Two approaches have dominated attempts to develop synthetic blood. The first approach uses linear binding kinetics, unlike the nonlinear binding of Hb. The most notable is the perfluorochemical emulsion called Fluosol-DA. Fluosol-DA was initially approved by the FDA for perfusion of ischemic tissues in the setting of percutaneous coronary intervention. However, it had little use because it carried O ₂ only when the Pa o ₂ was more than 300 mm Hg. Fluosol was withdrawn from the market in 1994. Another perfluoro compound, perfluorooctyl bromide, carries three to four times more O ₂ , has a longer half-life, and presumably fewer problems than are associated with Fluosol-DA, but it is not available on the market.

Most HBOCs modify the Hb molecule from humans, animals, or recombinant technology. Original efforts required Hb to be stroma free to prevent nephrotoxicity. The stroma-free Hb needed to be modified to have a favorable O ₂ affinity (i.e., decreased O ₂ affinity/right shift in the O ₂ dissociation curve) and to extend its relatively short intravascular half-life. A variety of approaches have been used, including crosslinking, pyridoxylation and polymerization, and conjugation and encapsulation to accomplish this. Stroma-free Hb causes severe arteriolar vasoconstriction of microvascular structures from NO scavenging, which is not beneficial for organ perfusion. A human recombinant hemoglobin (rHb 1.1) was made in Escherichia coli and functions as normal Hb in terms of O ₂ -carrying capacity, but it, too, was plagued by microvascular vasoconstriction. Although a subsequent iteration, rHbg 2.0, minimized NO scavenging and caused little arteriolar vasoconstriction when compared with rHb 1.1 and diaspirin crosslinked Hb, vasoconstriction may still prove to be their ultimate downfall.

Most clinical trials have shown increased use of allogeneic blood transfusions; however, the outcome of the HBOCs have been similar: failure in clinical trials due to increased adverse events. Natanson and colleagues performed a cumulative meta-analysis on 16 trials involving 5 different products and 3711 patients. They concluded that there was a significant increased risk for myocardial infarction and death when HBOCs were given, an outcome that was found among all the technologies (e.g., cross-linked, polymerized, or conjugated). An accompanying editorial concluded that a 30% increased risk for death and a threefold increase in the risk for myocardial infarction should preclude any additional studies.

Several HBOCs are available clinically under the FDA’s Expanded Access (compassionate use) program. HBOC-201 hemoglobin glutamer-250 (bovine), Hemopure (Biopure Corporation) is developed from ultrapurified bovine RBCs that have been glutaraldehyde polymerized. It has a higher P ₅₀ (i.e., 43 instead of 26 mm Hg), which means that it may deliver O ₂ to the tissues at least as well, if not better, than human RBCs. A recent case series reported three cases of HBOC‐201, under the FDA’s Expanded Access to patients in severe sickle cell crisis (SCC) with multiorgan failure, who refused RBCs (Jehovah’s Witnesses) or for whom compatible RBCs were not available. A recent case report described use of bovine pegylated carboxyhemoglobin (Sanguinate) in a Jehovah’s Witness with a lymphoproliferative disorder, gastrointestinal bleeding, and resultant severe anemia who was bridged to hemostatic interventions. For now, HBOCs are likely to be reserved for situations in which RBC transfusion is not an option or as a bridge to stabilizing therapy.

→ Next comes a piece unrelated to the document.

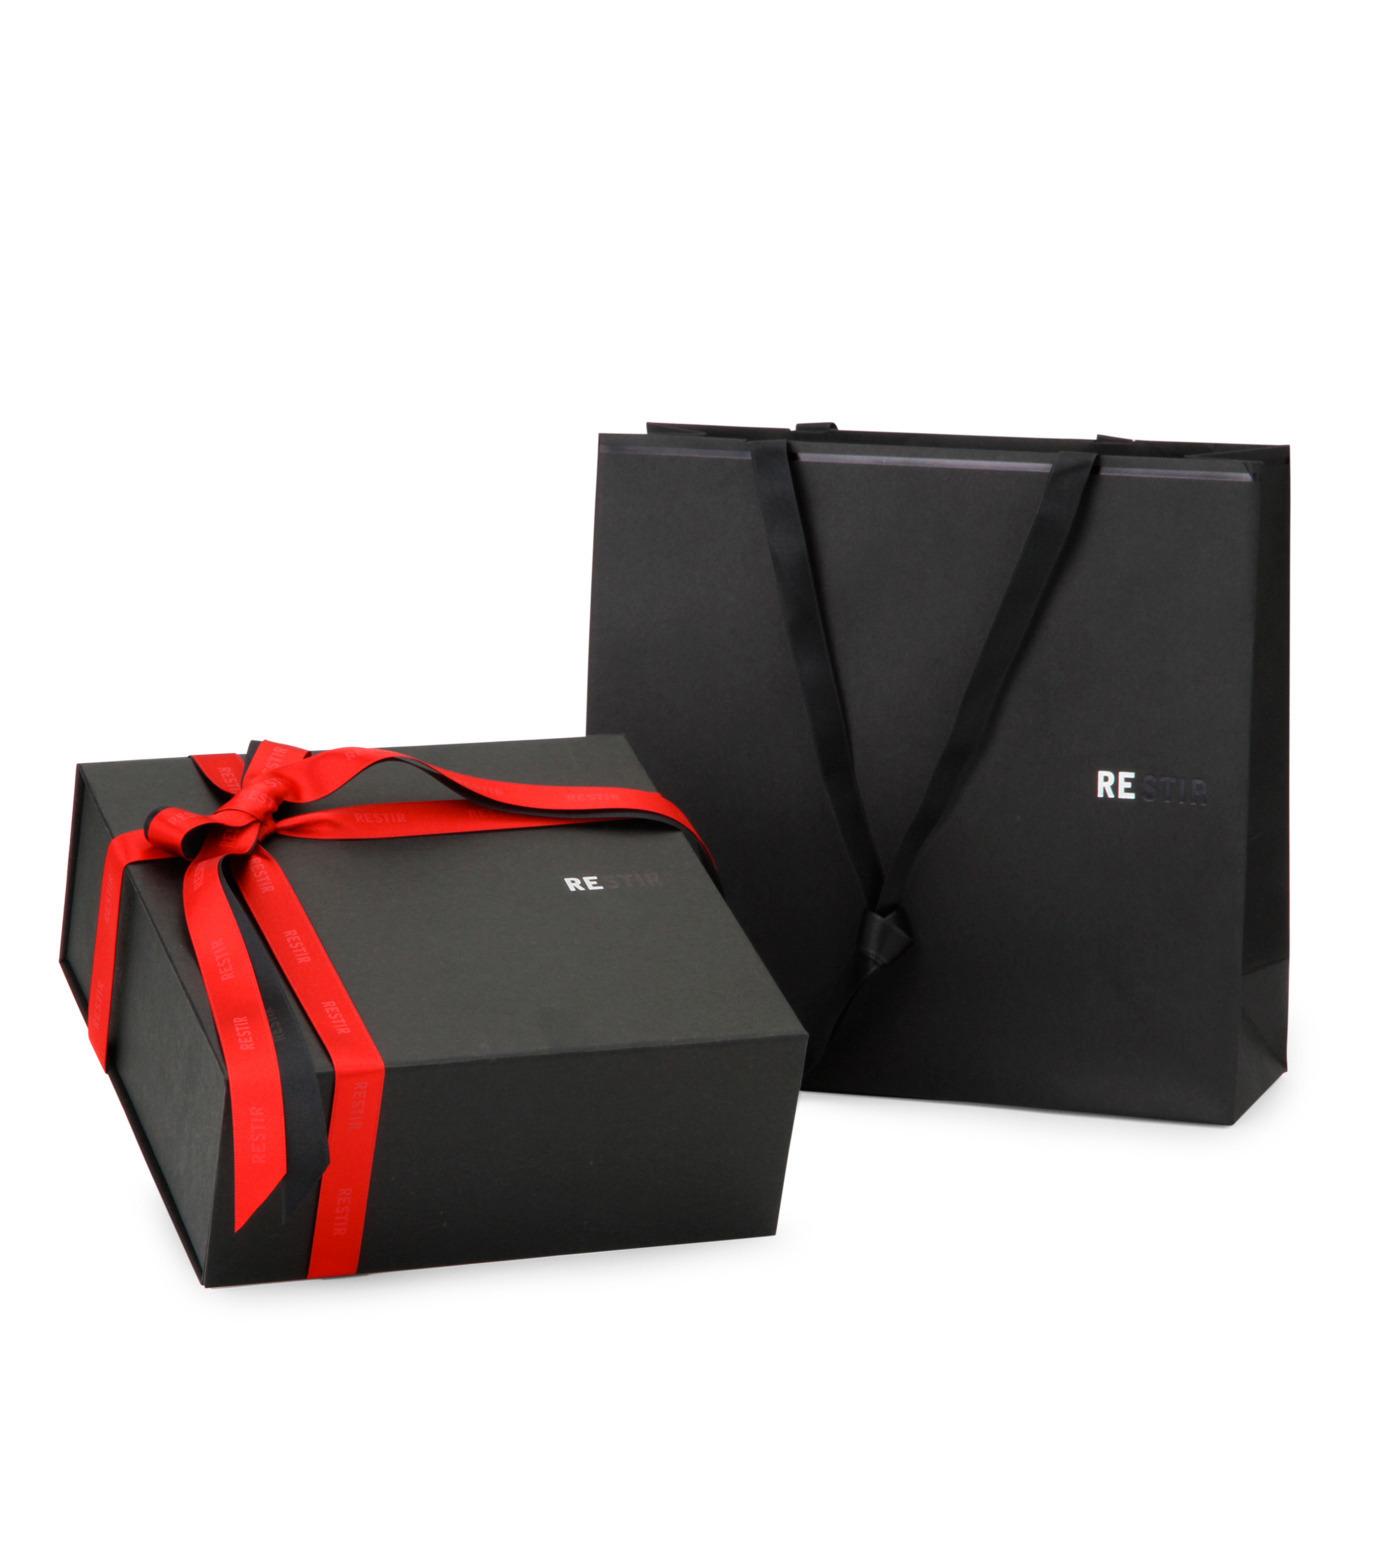 Gift Set(ギフトセット)のNail kit-NONE-Giftset-nai2-0 拡大詳細画像5

Preoperative Autologous Donation

It is assumed that preoperative autologous blood transfusion is safer than allogeneic blood, mainly because of the decreased risk for transfusion-transmissible infections, such as HIV and hepatitis C. However, as blood safety has improved with a marked decrease in infectivity from allogeneic blood, the difference in safety compared with autologous blood is much less. Not surprisingly, the proportion of autologous blood collected has significantly decreased since the peak in the mid-1990s.

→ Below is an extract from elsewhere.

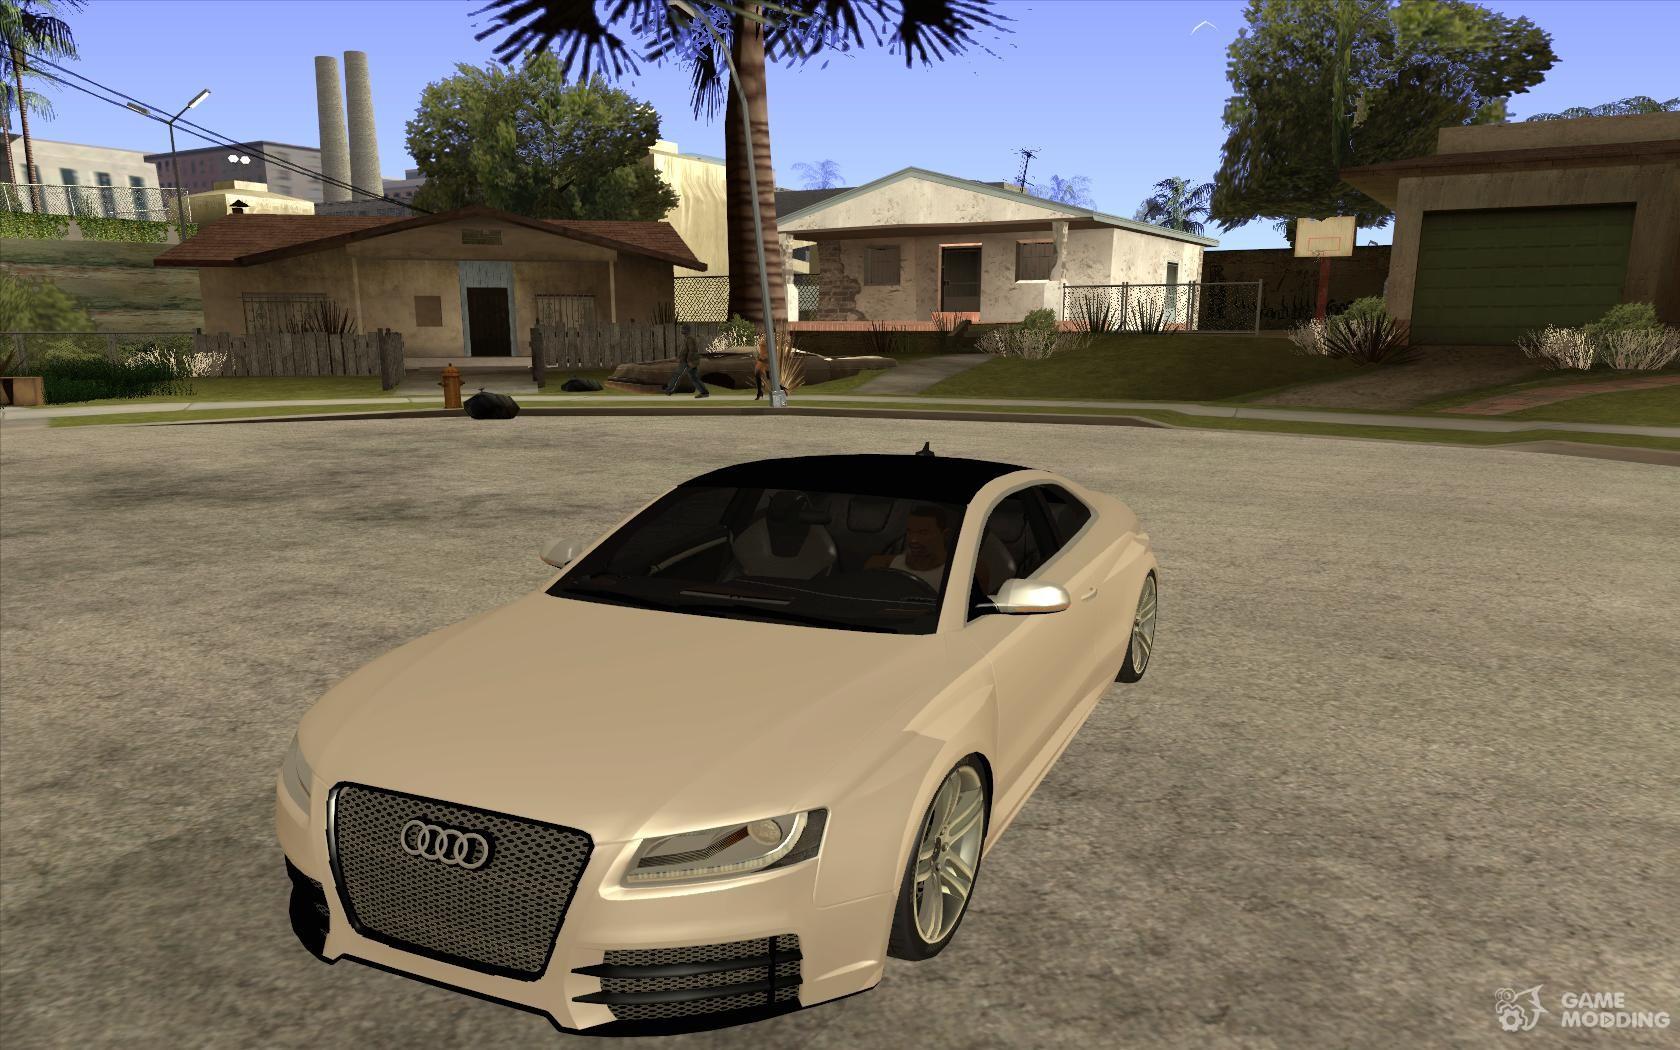 Audi S Quattro Car Tuning For GTA San Andreas - Audi car gta 5

To be eligible, the AABB requires that most donor’s Hb be no less than 11 g/dL prior to donation. Repeated donations should be separated by a week with 72 hours between the last donation and the time of surgery. The latter recommendation is to ensure restoration of intravascular volume and appropriate testing and preparation of the donated blood. At 72 hours postdonation, while intravascular volume may be restored, red cell mass is not. According to the Hemoglobin and Iron Recovery Study (HEIRS), recovery of 80% red cell mass varies from 25 to more than 168 days. On average, for those who undergo PAD, Hb is 1.1 g/dL less than those who do not donate preoperatively. In a meta-analysis incorporating data from multiple surgical patient populations, while PAD decreased the absolute risk of receiving allogenic blood by 44%, the risk of receiving a transfusion from any source (i.e., allogenic or PAD), increased by 24%, which questions the procedure’s use as a transfusion-sparing practice.

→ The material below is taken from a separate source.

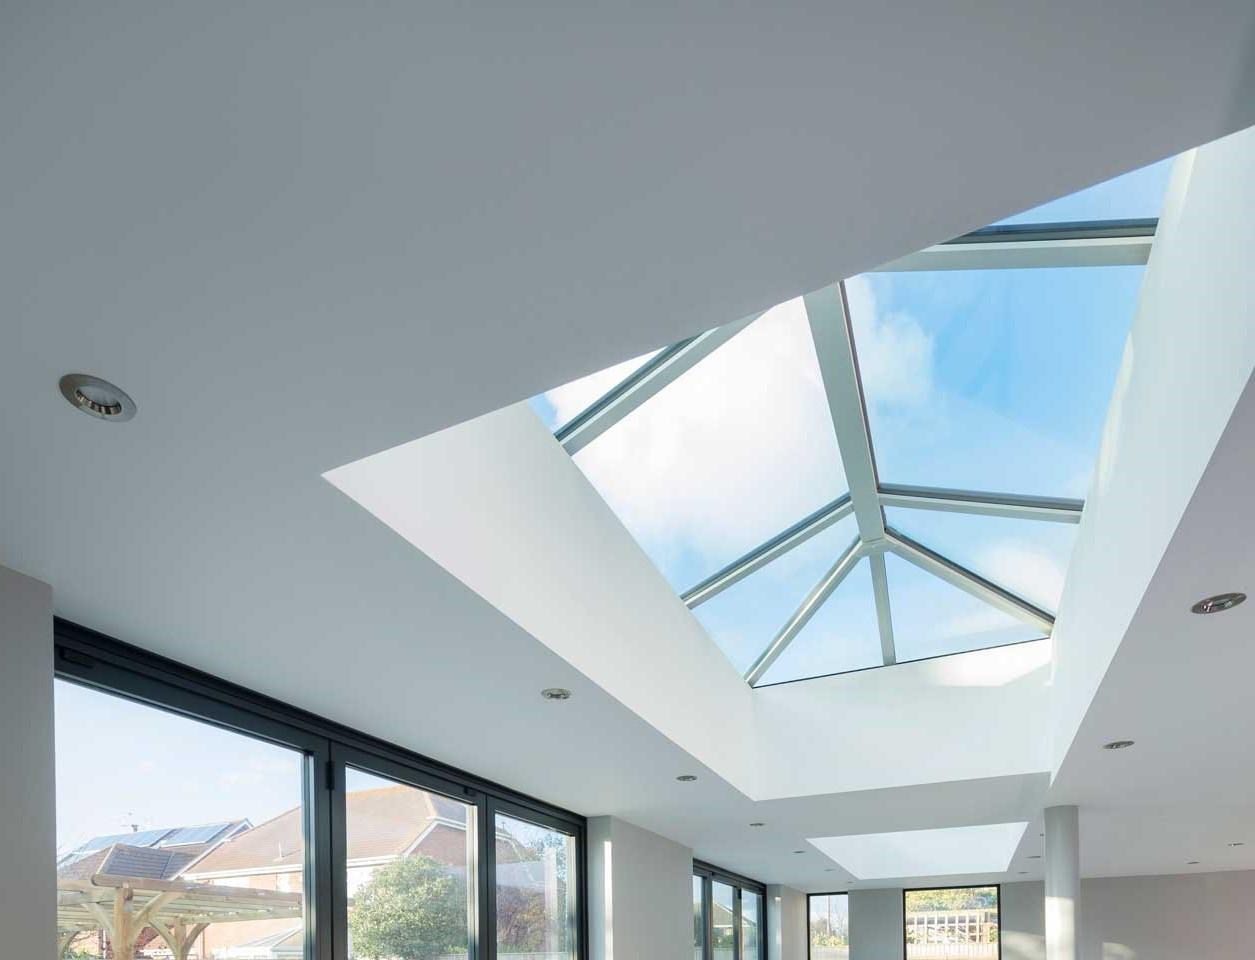 aluminium roof lanterns cost stoke-on-trent

Donation itself is not without risk. In a study of American Red Cross donors, PAD was associated with nearly 12 times the postdonation hospitalization rate as allogenic donors. The criteria for autologous donation are less stringent than those for allogenic donors, as historically 15% of autologous donors do not meet safety criteria for allogenic donation. As such, certain patient populations are poor candidates for PAD because of their underlying comorbidities. These populations include patients with severe cardiopulmonary disease (e.g., severe aortic stenosis, recent myocardial infarction, or cerebrovascular event) and those with bacteremia ( Box 49.2 ).

Acute Normovolemic Hemodilution

ANH is a procedure initiated before the start of significant blood loss, by which the anesthesiologist removes whole blood from a patient while simultaneously restoring intravascular volume with either crystalloid (3 mL/1 mL of blood removed) or colloid (1 mL/1 mL of blood removed) solutions to maintain adequate hemodynamics. Blood is collected in standard blood bags containing citrate anticoagulant and maintained at room temperature in the operating room for up to 8 hours or at 4°C for 24 hours. Bleeding that occurs following ANH sheds a lower percentage of RBCs per unit of total blood volume lost, constituting the presumed major benefit of this procedure.

When major bleeding has stopped or when clinically appropriate, the sequestered blood is then reinfused into the patient in the reverse order of collection because the first unit collected has the highest concentration of coagulation factors and platelets and the highest Hb level. Although some providers advocate that stored blood be gently agitated to preserve platelet function, most practitioners do not do this, and no formal recommendations exist requiring this procedure. Reassuringly, no differences in thromboelastography (TEG) measurements have been noted between samples agitated during storage compared with those left stationary.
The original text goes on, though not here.